====== Data under study ======
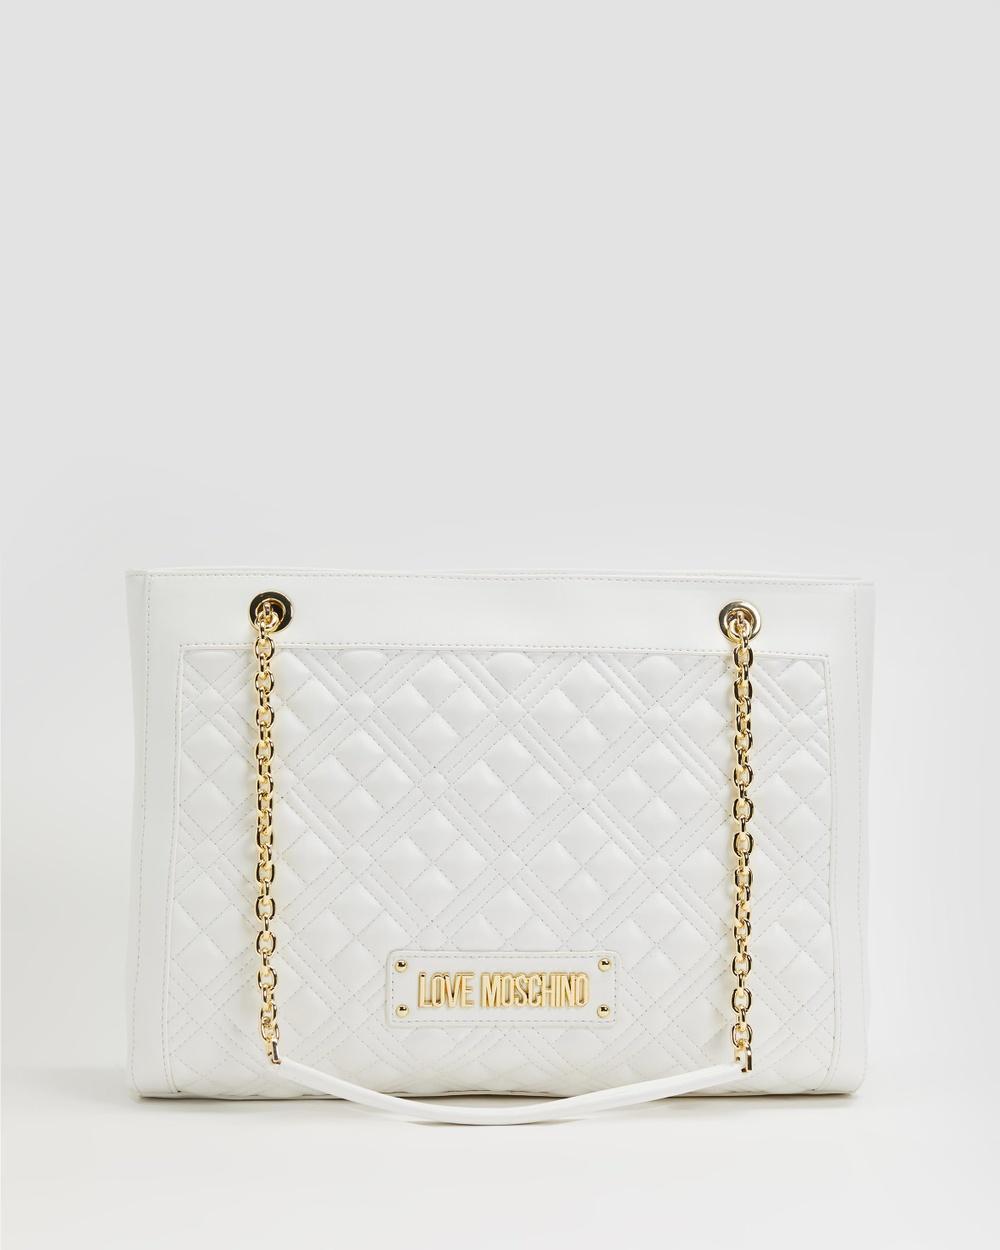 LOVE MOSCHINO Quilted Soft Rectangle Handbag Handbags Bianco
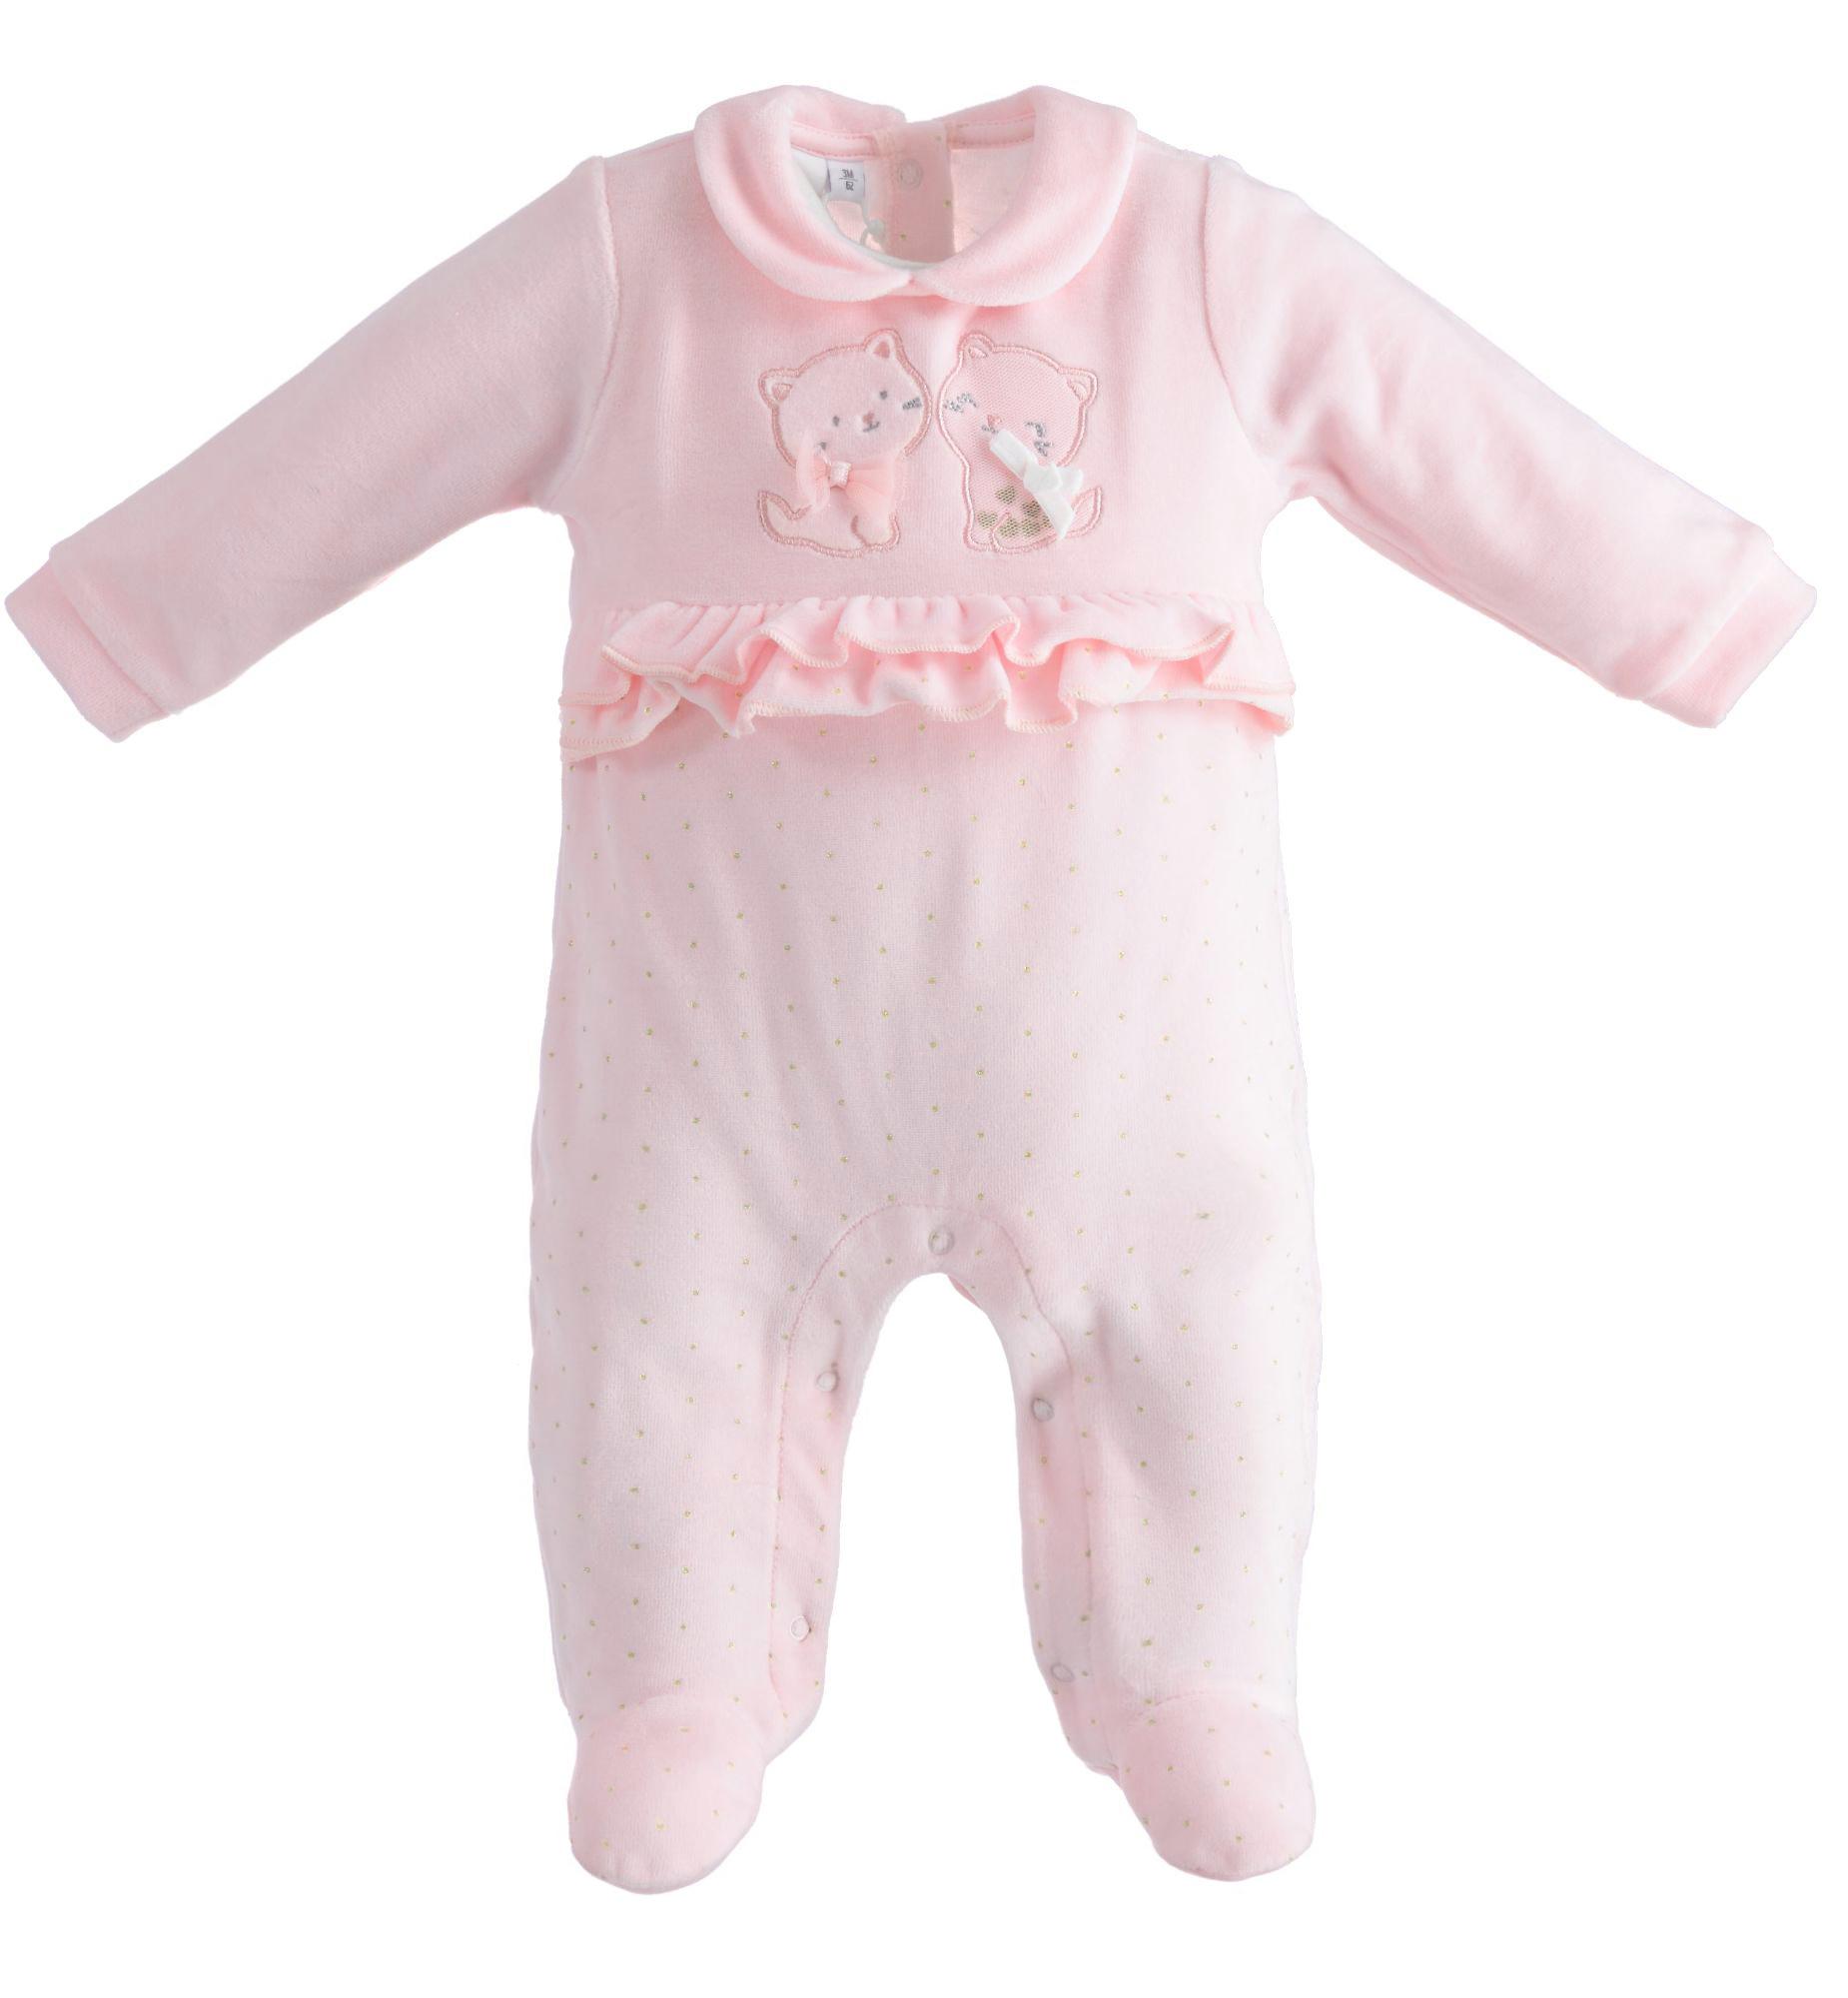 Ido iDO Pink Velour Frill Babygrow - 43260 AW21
======
====== Data under study ======
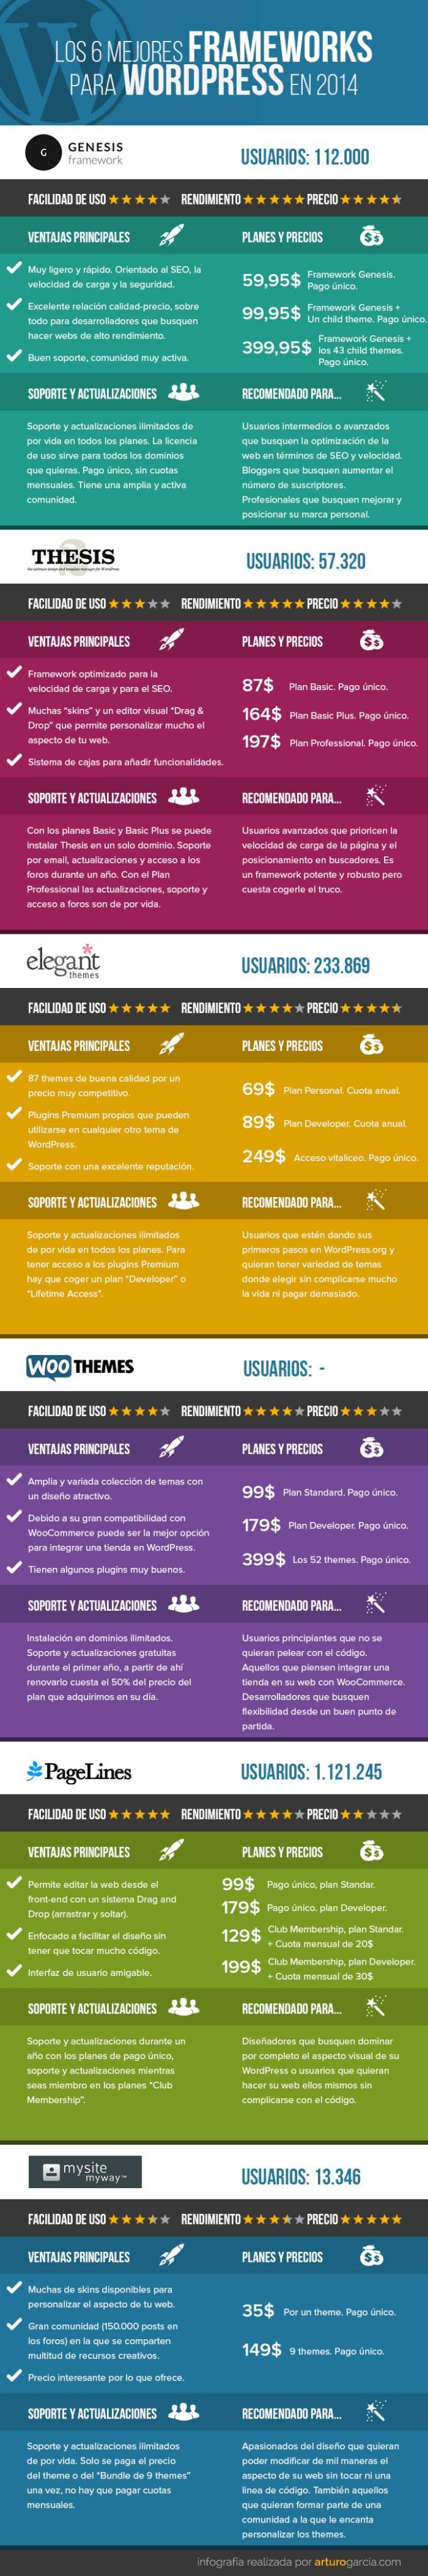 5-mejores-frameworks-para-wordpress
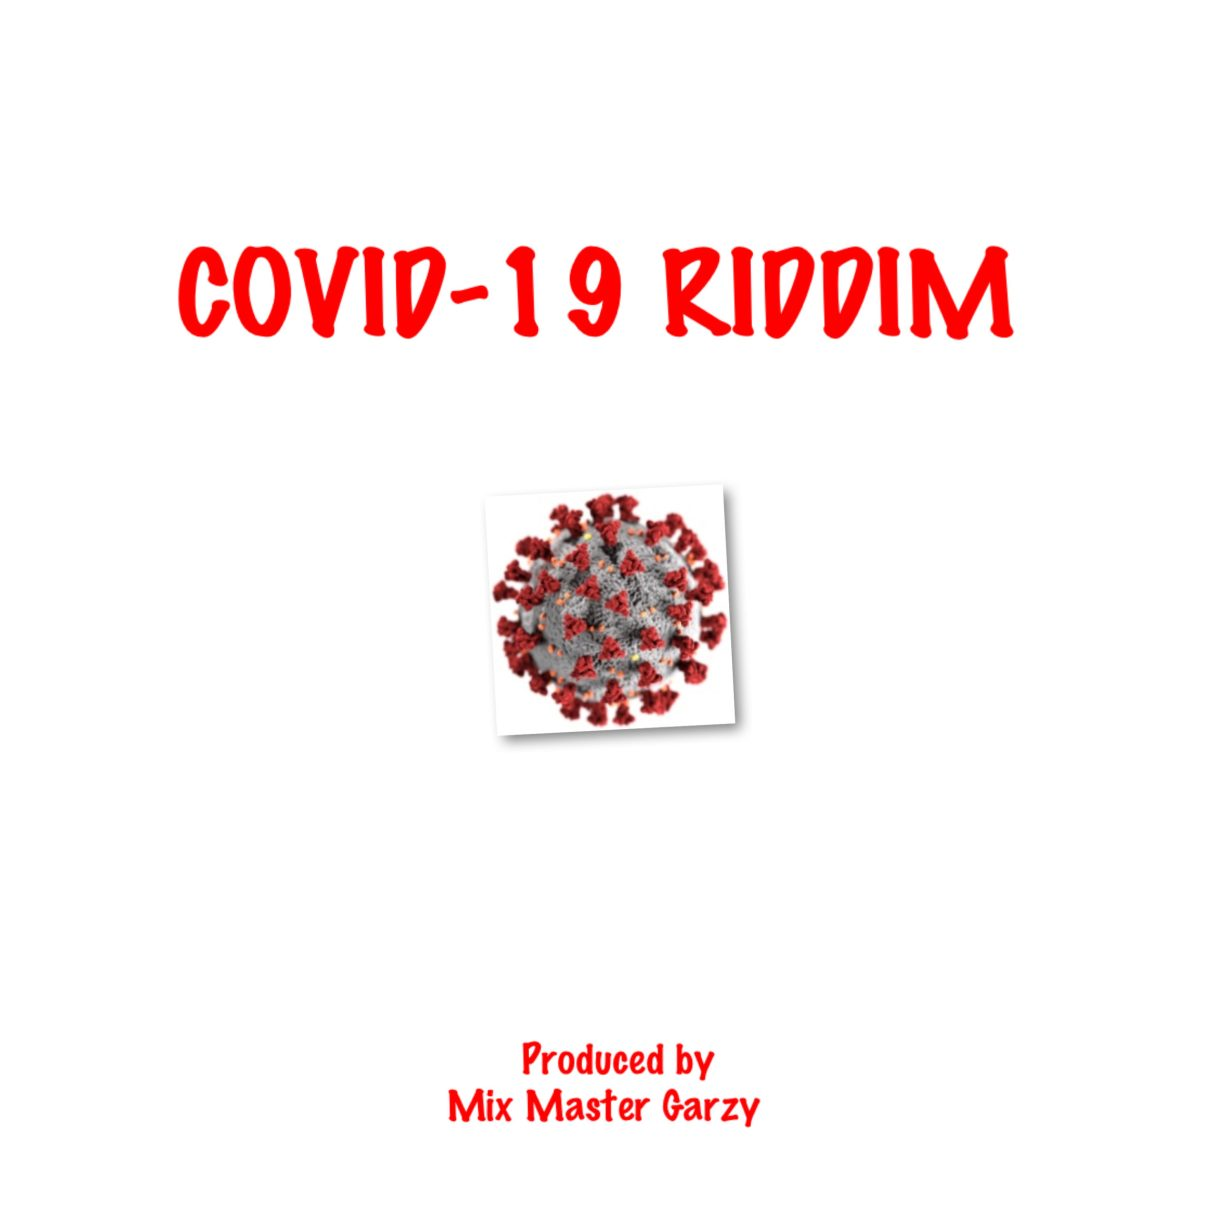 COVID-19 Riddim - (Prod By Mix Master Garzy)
======
Task prompt>
Within the data above, repeat exactly the lines from the one bearing "LOVE MOSCHINO Quilted" through the one bearing "Ido iDO Pink". Include no pictures and nothing else.

Answer below>
 LOVE MOSCHINO Quilted Soft Rectangle Handbag Handbags Bianco
 Ido iDO Pink Velour Frill Babygrow - 43260 AW21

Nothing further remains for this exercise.